ANKARA, Jan 18 – The Turk who tried to kill pope John Paul II in 1981, Mehmet Ali Agca, was released from prison Monday after almost three decades behind bars, his lawyer said.

"The release procedure has been completed," Yilmaz Abosoglu told an army of reporters outside a high-security prison near Ankara.

Wearing a blue sweater, Agca was seen driving away in a car, escorted by several other vehicles.

The lawyer explained that the 52-year-old would be immediately taken to an army recruitment office to sort out procedures concerning his status as a draft dodger.

Agca at age 23 was a militant of the notorious far-right Grey Wolves, on the run from Turkish justice facing murder charges, when he resurfaced in the Vatican\\\’s Saint Peter\\\’s Square on May 13, 1981, and opened fire on the pope as he drove to an audience in an open vehicle.

John Paul II was seriously wounded in the abdomen and Agca spent the next 19 years in Italian prisons.

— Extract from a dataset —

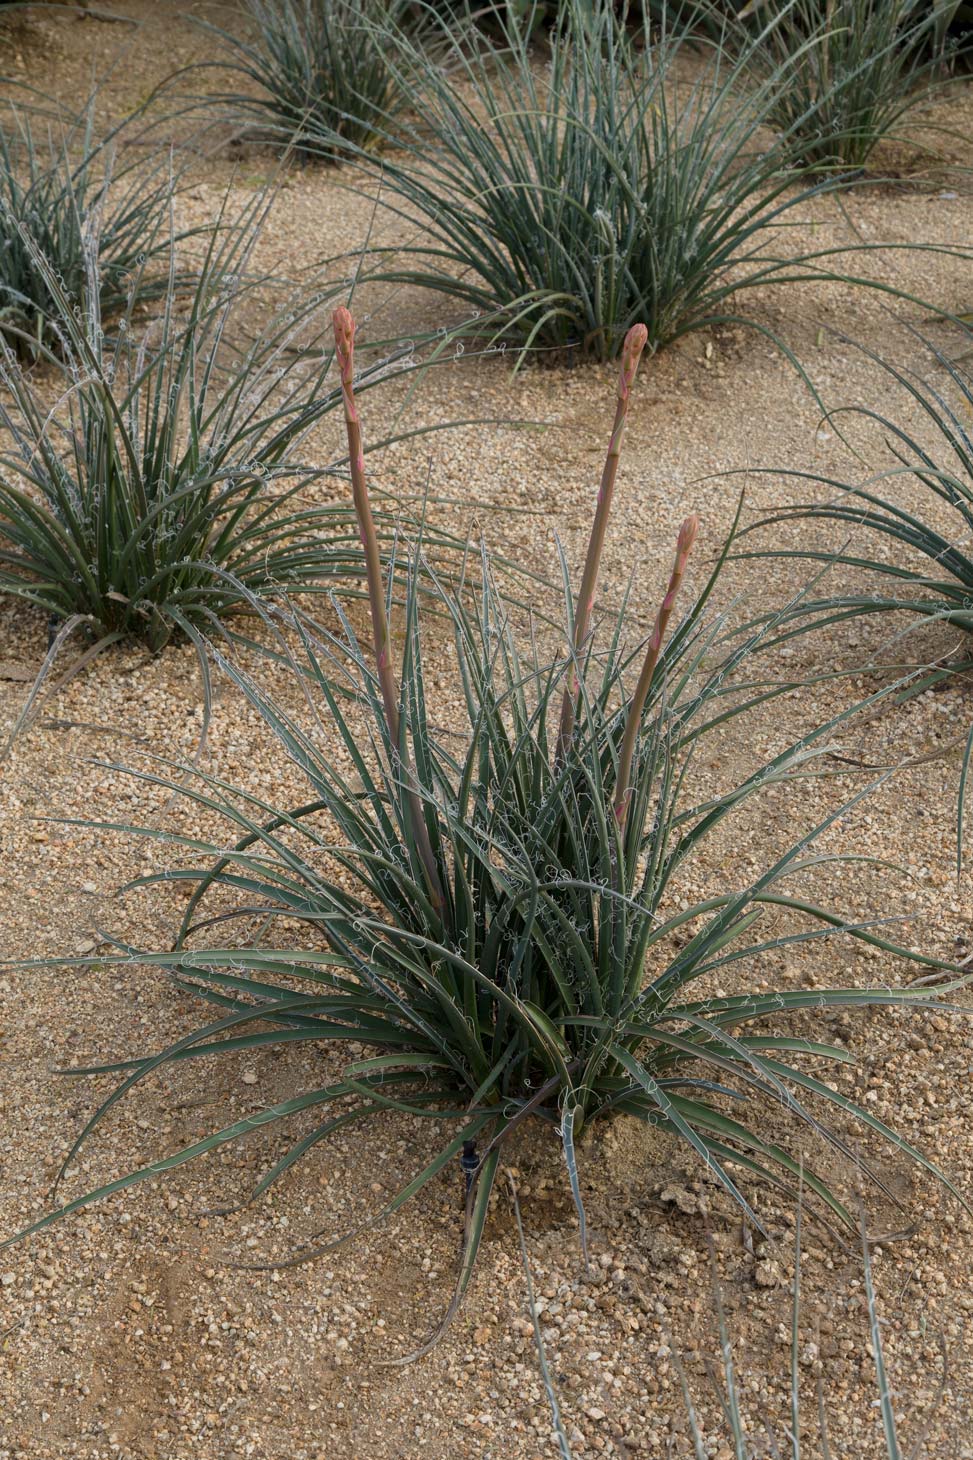 A wide view of the Brakelights Hesperaloe. The plant is about knee-high with dark green leaves and two flowering stalks emerging from its center.

The motive behind the attack remains a mystery.

Agca has claimed it was part of a divine plan and has given often contradictory statements, frequently changing his story and forcing investigators to open dozens of inquiries.

Charges that the Soviet Union and then-communist Bulgaria were behind the assassination attempt were never proved.

In 2000, Italy pardoned Agca and extradited him to Turkey, where he was convicted for the murder of prominent journalist Abdi Ipekci, two armed robberies and escaping from prison, crimes all dating back to the 1970s.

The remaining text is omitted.